Efficacy and safety of oral low‐dose tacrolimus treatment in liver transplantation
Author(s) -
Margarit C.,
Rimola A.,
GonzalezPinto I.,
CuervasMons V.,
Edo A.,
Andreu H.,
MorenoGonzalez E.,
Calleja J. L.
Publication year - 1998
Publication title -
transplant international
Language(s) - English
Resource type - Journals
SCImago Journal Rank - 0.998
H-Index - 82
eISSN - 1432-2277
pISSN - 0934-0874
DOI - 10.1111/j.1432-2277.1998.tb01129.x
Subject(s) - medicine , tacrolimus , liver transplantation , immunosuppression , transplantation , adverse effect , nephrotoxicity , gastroenterology , trough level , coma (optics) , surgery , anesthesia , toxicity , physics , optics
Eighty‐four adult patients were recruited from four centres in Spain to evaluate the efficacy and safety of low‐dose (0.1 mg/kg per day) oral tacrolimus plus corticosteroid immunosuppression in liver transplantation. The median daily dose of tacrolimus was increased during the first 3 weeks of therapy from an initial dose of 0.1 mg/kg per day to a maximum of 0.145 mg/kg per day and was subsequently decreased gradually to a minimum of 0.076 mg/kg per day at 1 year.
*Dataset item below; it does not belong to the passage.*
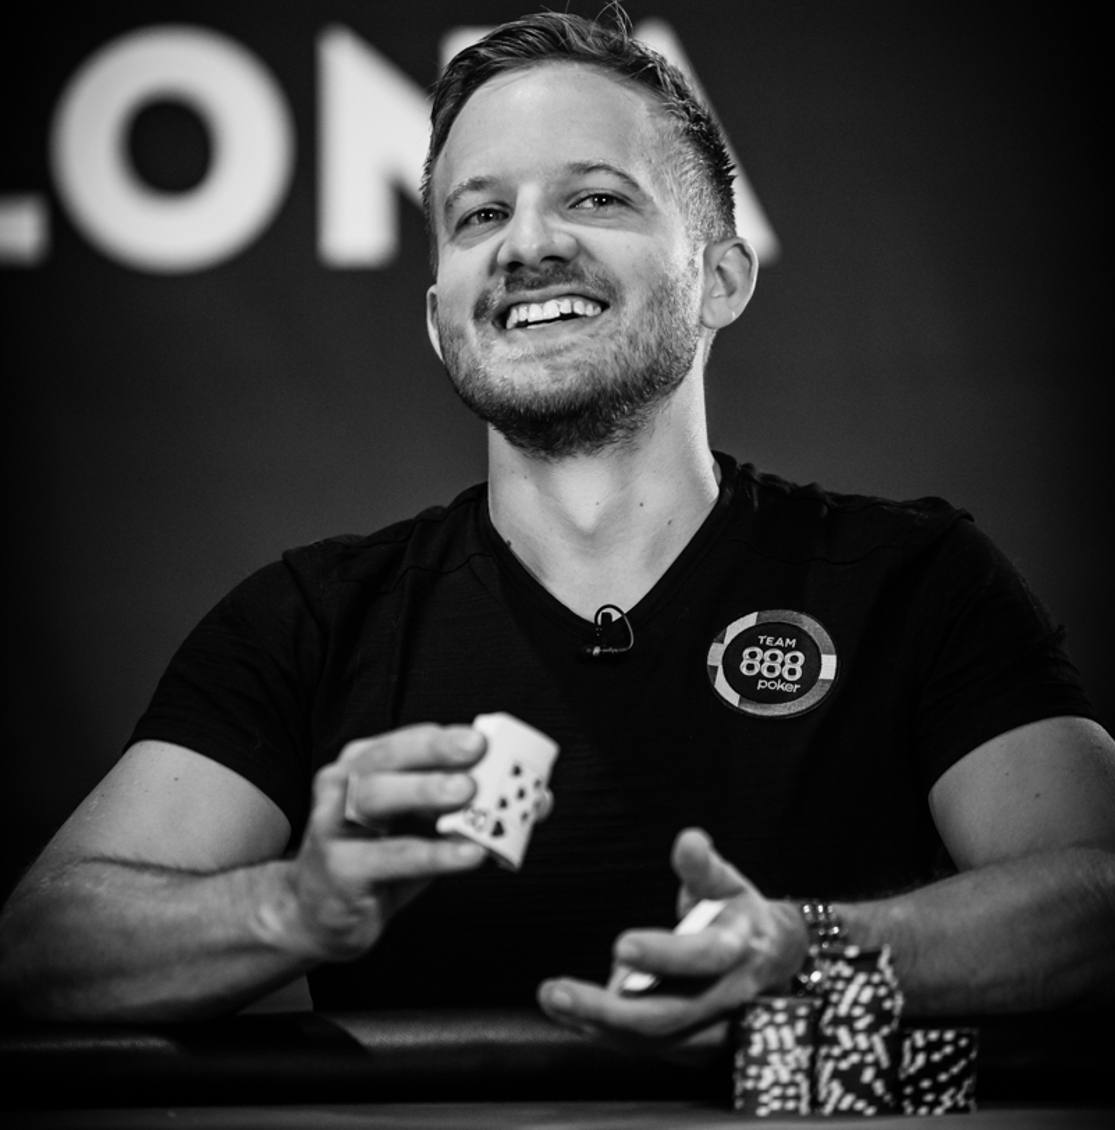 888poker Ambassador and 2014 Main Event champion Martin Jacobson

At 7 days posttransplantation, 87.7 % of patients had trough whole blood levels of tacrolimus within the therapeutic range (5–20 ng/ml), and the median levels remained fairly constant during the rest of the year (10.1–11.8 ng/ml). None of the patients required intravenous administration of tacrolimus. At 1 year, Kaplan‐Meier estimates showed that 73.8 % of the patients were receiving tacrolimus monotherapy without the need for corticosteroids. One‐year patient and graft survival were 75.9 % and 72.3 %, respectively. The incidence of acute rejection was 51.2 %; 9.5 % of cases resolved spontaneously without antirejection therapy and 10.7 % were corticosteroid resistant. Only 1 patient (1.2 %) developed chronic rejection. The most important adverse events were hypertension (45.2%), tremor (44.0%), diabetes mellitus (33.3%), diarrhoea (31 %) and nephrotoxicity (29.8%). Severe neurotoxicity‐like convulsions (4.8%), dysarthria (9.5 %), delirium (1.2%), coma (1.2 %) and the need for haemodialysis (3 patients) were uncommon. In conclusion, low‐dose oral tacrolimus immunosuppression is associated with low toxicity without compromising efficacy.